[plug] Proxy Cache Hit Rate

David Godfrey info at sbts.com.au
Tue Dec 22 14:02:26 UTC 2015


I agree,

for a common use case a proxy may now be a liability.
However an intelligent proxy like Varnish, may still be of huge benefit
in the right scenarios.
In particular as a frontend proxy local to a busy website with lots of
fairly static content (eg: a drupal site)

If Varnish is running on the same physical network as the site it is
proxying I believe Varnish can provide the https layer with the drupal
server plain http without compromising security.

There is plenty of evidence that for high traffic sites service fairly
static content there are massive speed improvements and load handling
capability improvements to be had.

Varnish is also good at horizontal scaling by allowing multiple low cost
hardware systems (with lots of ram) to serve more client connections
than the primary server could hope to manage.
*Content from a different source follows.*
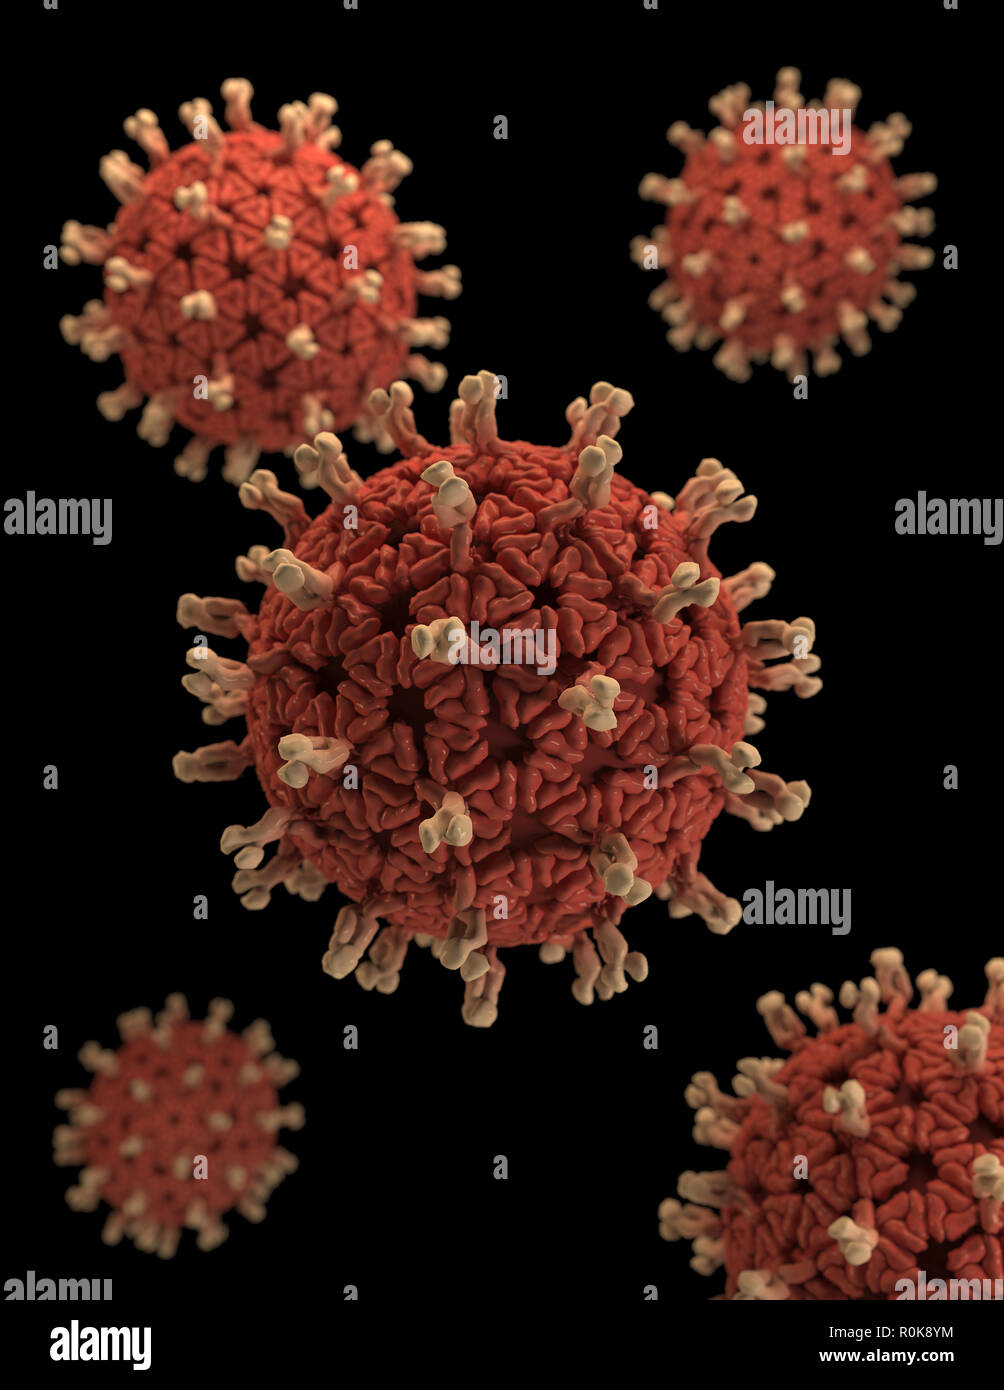 Una rappresentazione tridimensionale di virioni di rotavirus set contro uno sfondo nero. Foto Stock

There are plenty of articles about Varnish out there, but if you can't
find them let me know. I think I may have one or two bookmarked on
another sytem.

Of course, this is a different use case from a home or business user
running a proxy in an attempt to reduce traffic over their ISP's network

Regards
David G

On 22/12/15 19:41, Brad Campbell wrote:
> On 22/12/15 16:32, Bill Kenworthy wrote:
>> On 22/12/15 16:17, Onno Benschop wrote:
>>> Quick survey:
>>>
>>> If you manage or have access to a proxy cache server, what is your
>>> current cache hit rate?
>>>
>>> Background:
>>>
>>> I've just been told they're obsolete and a waste of time since the hit
>>> rate is low and all it does is add latency. Suffice to say, I'm not
>>> convinced :-)
>
>>
>> Be convinced ...
>>
>> I dropped squid as a proxy nearly 4 years ago now for just that reason.
>>   The more https traffic you have, the less useful it is and it does add
>> latency. The hit rate was getting"miserable" even back then.
>>
>
> Seconded. The advent of https for everything has decimated the
> efficiency of a proxy. I still use one but only because I've been too
> lazy to get rid of it, and I use it as a blocking filter for a load of
> stuff (like a gazillion url's Windows 10 uses to update and report home).